### Task goal
What you return must be the full listing, word for word, with no images in it.

### Dataset excerpt
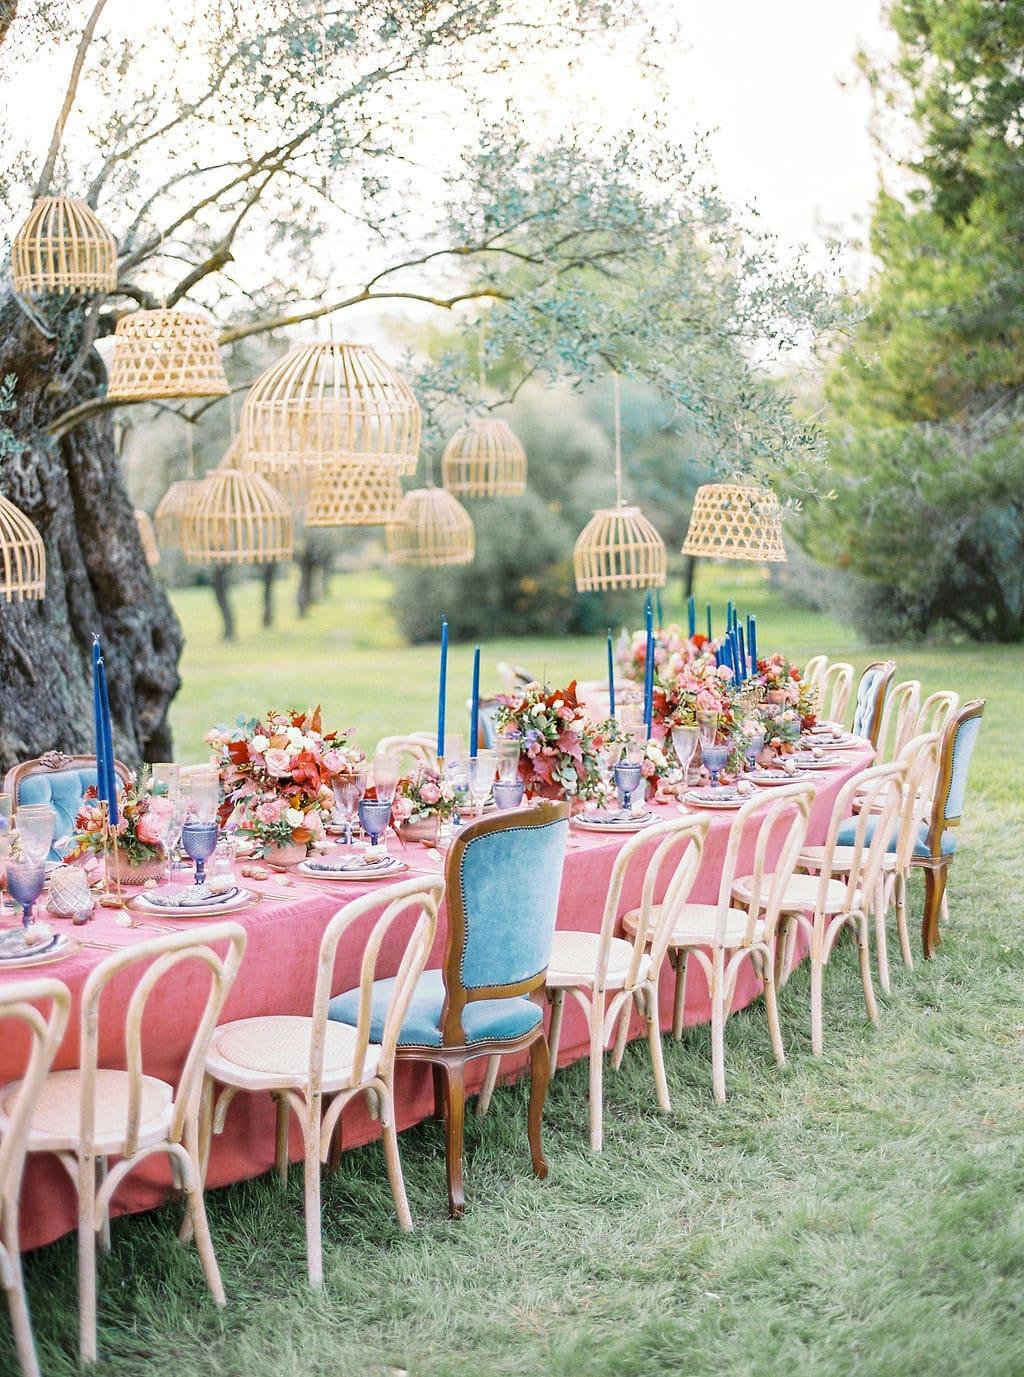 Delikipos-weddings-olive-grove-cyprus
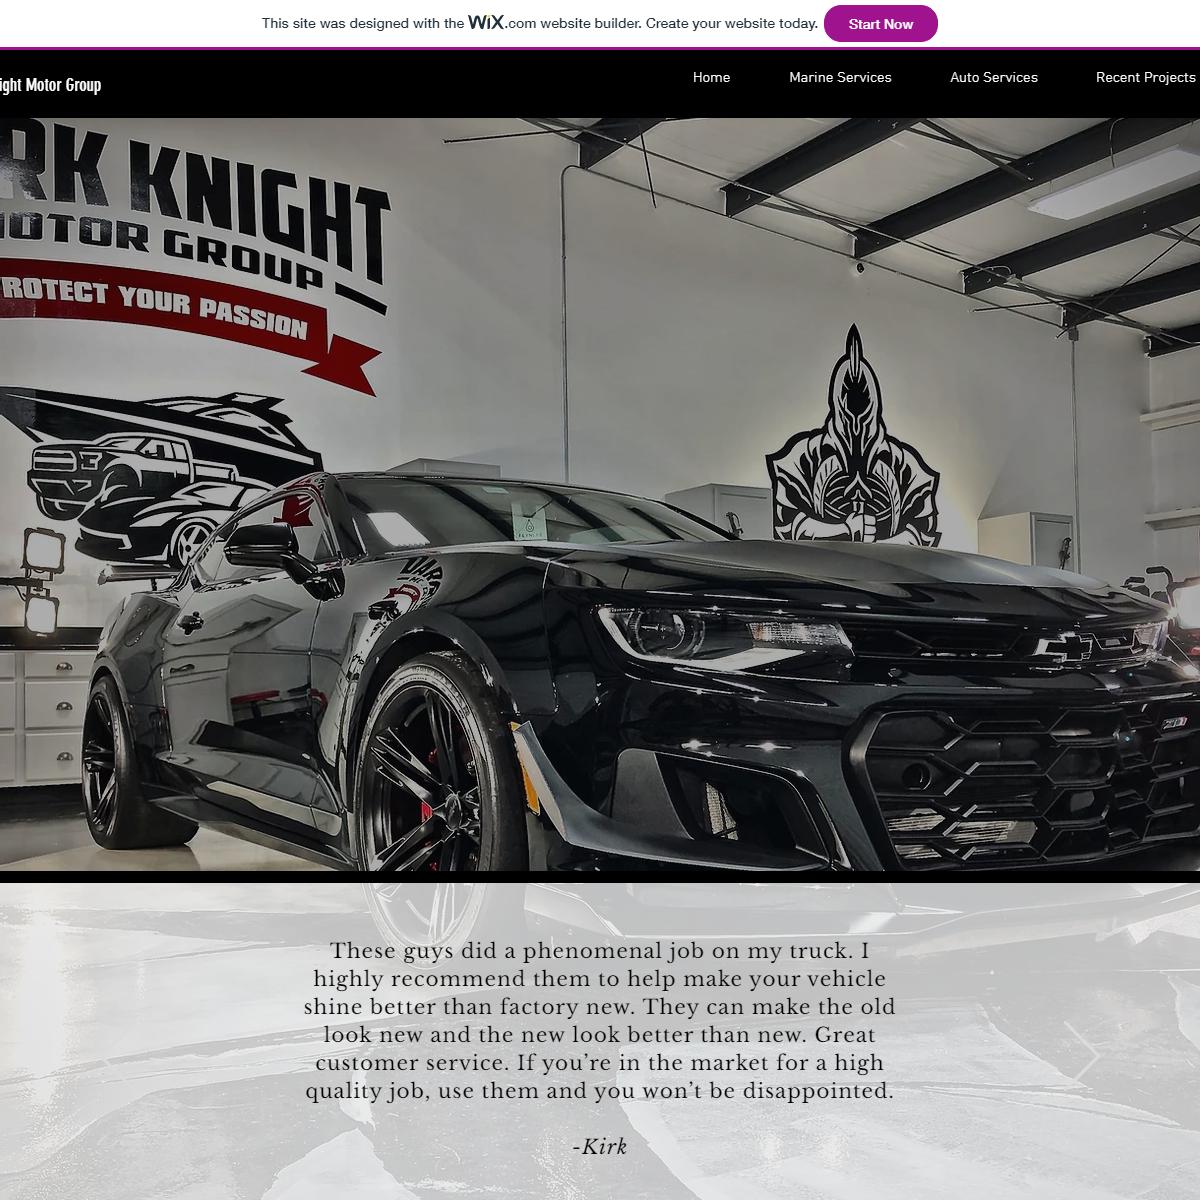 Elite Auto & Marine Detailers - Dark Knight Motor Group
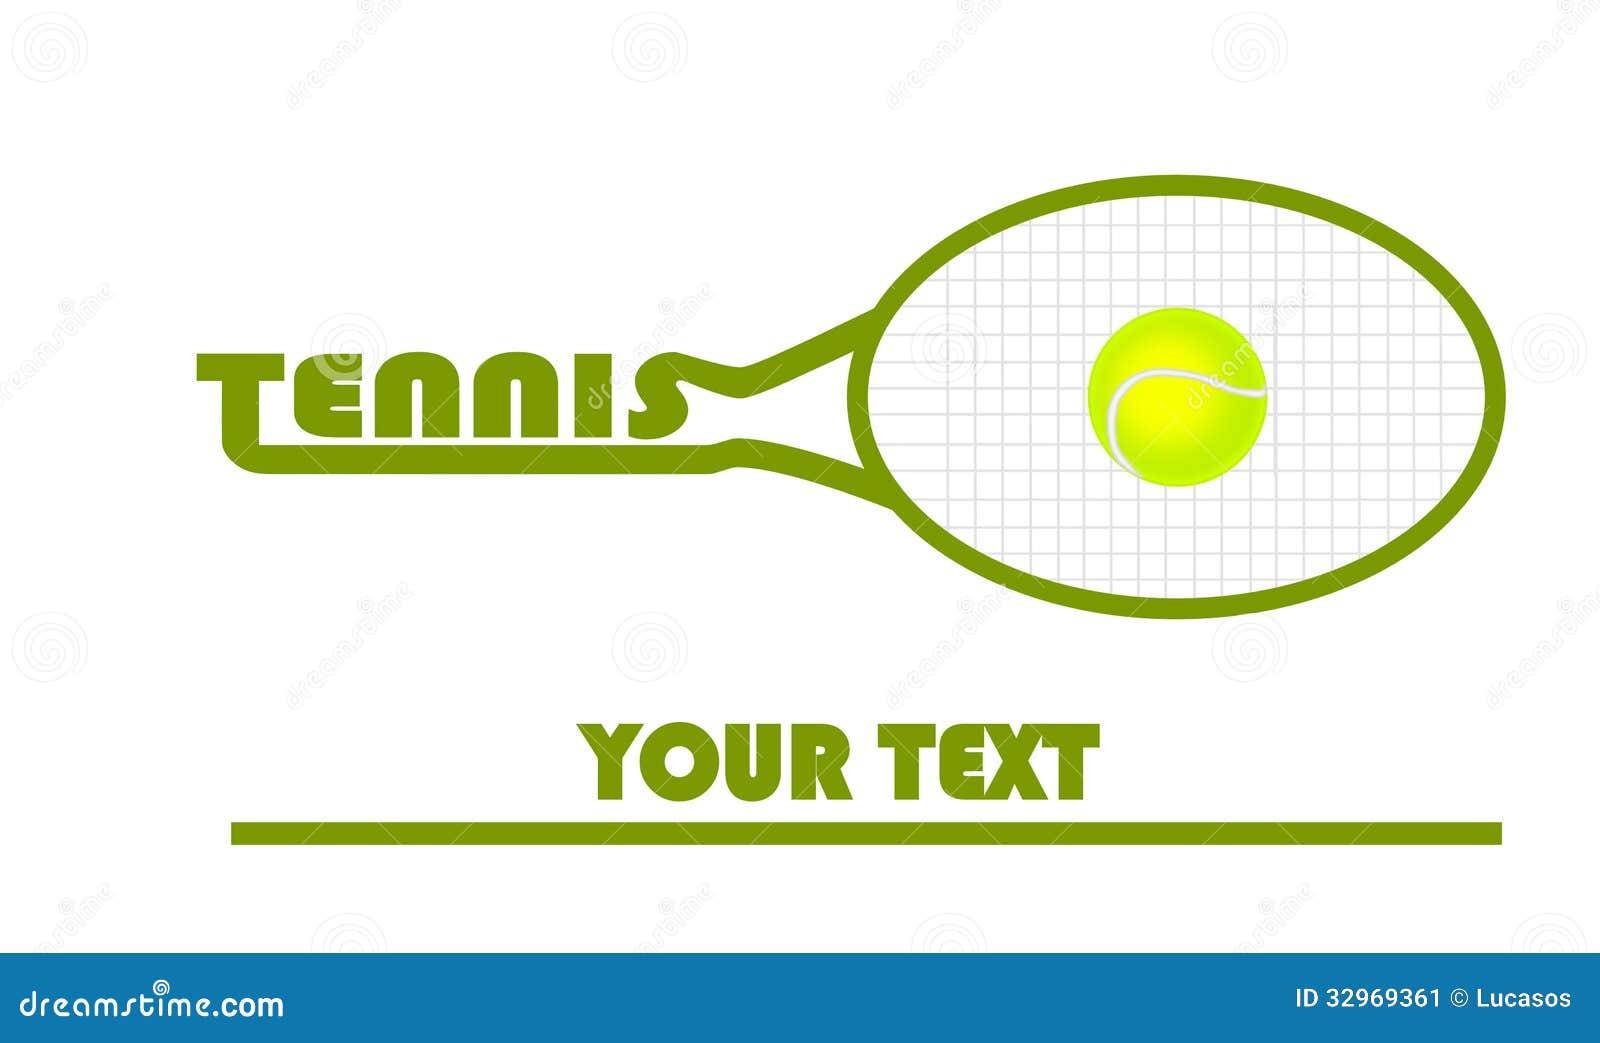 Tennis Logo With Tennis Ball Stock Image - Image: 32969361

### Solution to this exercise
 Delikipos-weddings-olive-grove-cyprus
 Elite Auto & Marine Detailers - Dark Knight Motor Group
 Tennis Logo With Tennis Ball Stock Image - Image: 32969361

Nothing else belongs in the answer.